The 225 medical groups
participating in the P4P program posted improvement across all 14 measures of
clinical quality (see attached results). The measures cover preventive services,
such as breast cancer and cholesterol screening, as well as treatment for
chronic conditions such as diabetes and asthma.
“Boosting
the percentage of patients who get the recommended services like Pap smears and
cholesterol screenings is a small step that can save lives,” said Mark Smith,
M.D., M.B.A., President and CEO of the California HealthCare Foundation, a major
funder of the P4P initiative. “The
improvement in cervical cancer screening rate documents an additional 117,000
women in California who received this potentially lifesaving screening last
year.”
The results were welcome news to program participants. “The premise of the P4P program is simple—set high standards for quality and reward those who meet or exceed the standards,” said Lance Lang, M.D., Vice President and Senior Medical Director, Health Net of California. “We can have confidence that the gains in quality we see today will be sustained because of the increased investment in information systems. This is the advantage of health plans working with organized medical groups to create a coordinated and systematic approach to quality improvement.”
The P4P program also assesses the investment in, and adoption of, information technology (IT) to support patient care. Of the 225 participating medical groups, 119 (53%) met some or all of the program’s IT criteria, a marked increase from the 74 groups that met IT standards in 2003. Several recent studies, including the Institute of Medicine’s Fostering Rapid Advances in Health, have shown that adoption of IT systems for purposes such as building patient registries for at-risk or chronically ill patients and using electronic decision support systems at the point of care can lead to substantial improvements in the quality of care.

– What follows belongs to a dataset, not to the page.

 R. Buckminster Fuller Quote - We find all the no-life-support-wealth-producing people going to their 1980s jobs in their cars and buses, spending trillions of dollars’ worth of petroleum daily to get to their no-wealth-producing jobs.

This proved to be the case in IHA’s P4P program: the medical groups who received full credit on the IT measures had average clinical scores that were nine percentage points higher than medical groups who showed no evidence of IT adoption.

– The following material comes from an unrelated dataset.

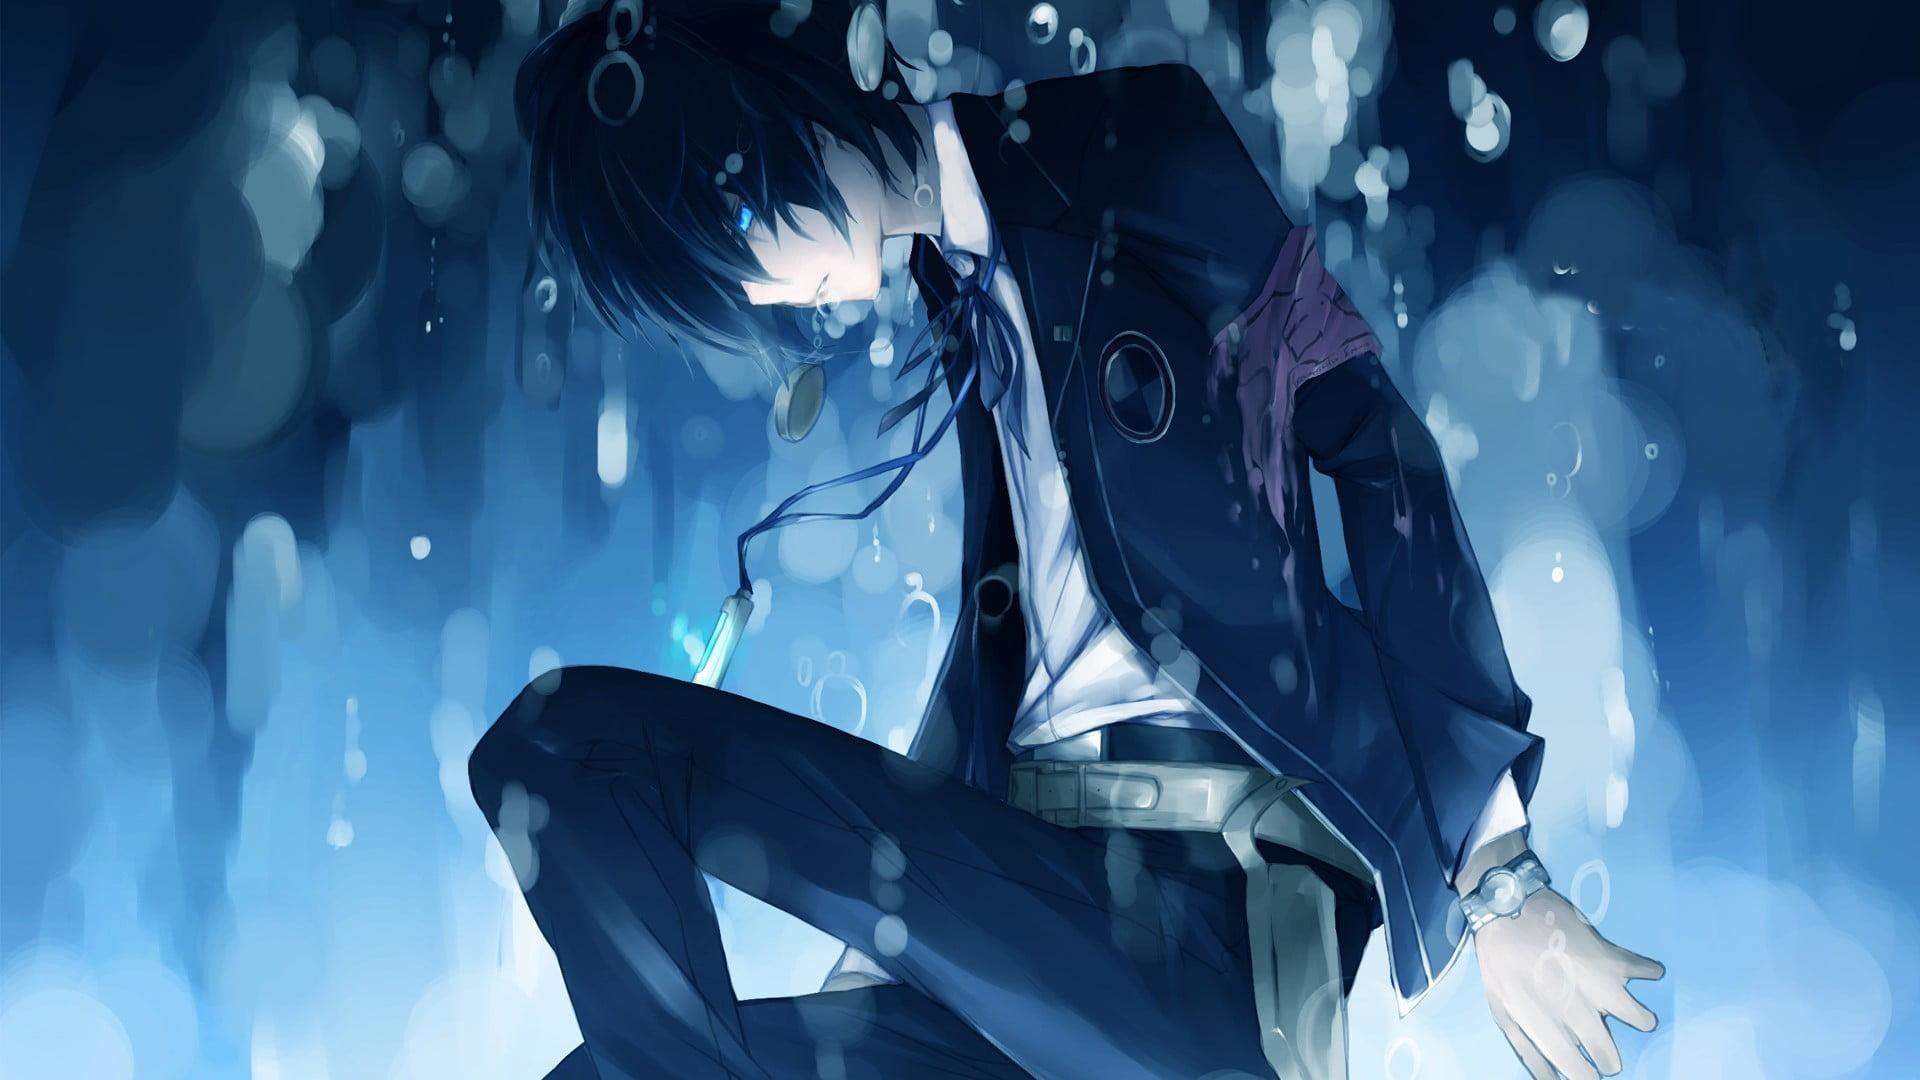 Anime Black Haired Guy Wallpapers - Wallpaper Cave

"IHA's pay-for-performance
program demonstrates that health IT adoption leads to better performance. Its
promotion of health IT is a model for others to follow," said David Brailer,
M.D., Ph.D., National Coordinator for Health Information Technology. "The
increase in IT adoption among the medical groups that participated in this
program is to be applauded - it promises improved quality of care for all
Californians."
The 225 participating medical groups also collectively improved from 2003 across all six patient satisfaction measures.

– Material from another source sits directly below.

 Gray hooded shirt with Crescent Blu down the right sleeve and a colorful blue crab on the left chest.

“Feedback from the P4P program helps us determine where we perform at a high level and where we should direct our quality improvement efforts,” said Steve McDermott, Chief Executive Officer, Hill Physicians Medical Group. “P4P has stepped up the pace of improvement for all of us, and the survey results show that our patients notice the difference.”
The results for the 2004 measurement year will be used by participating health plans to calculate the incentive payments they distribute to medical groups between early July and October. Medical group-specific results will also be released to the State of California Office of the Patient Advocate (OPA) for use in its annual public scorecard (www.opa.ca.gov). The scorecard will be published in September in time for employee open enrollment periods.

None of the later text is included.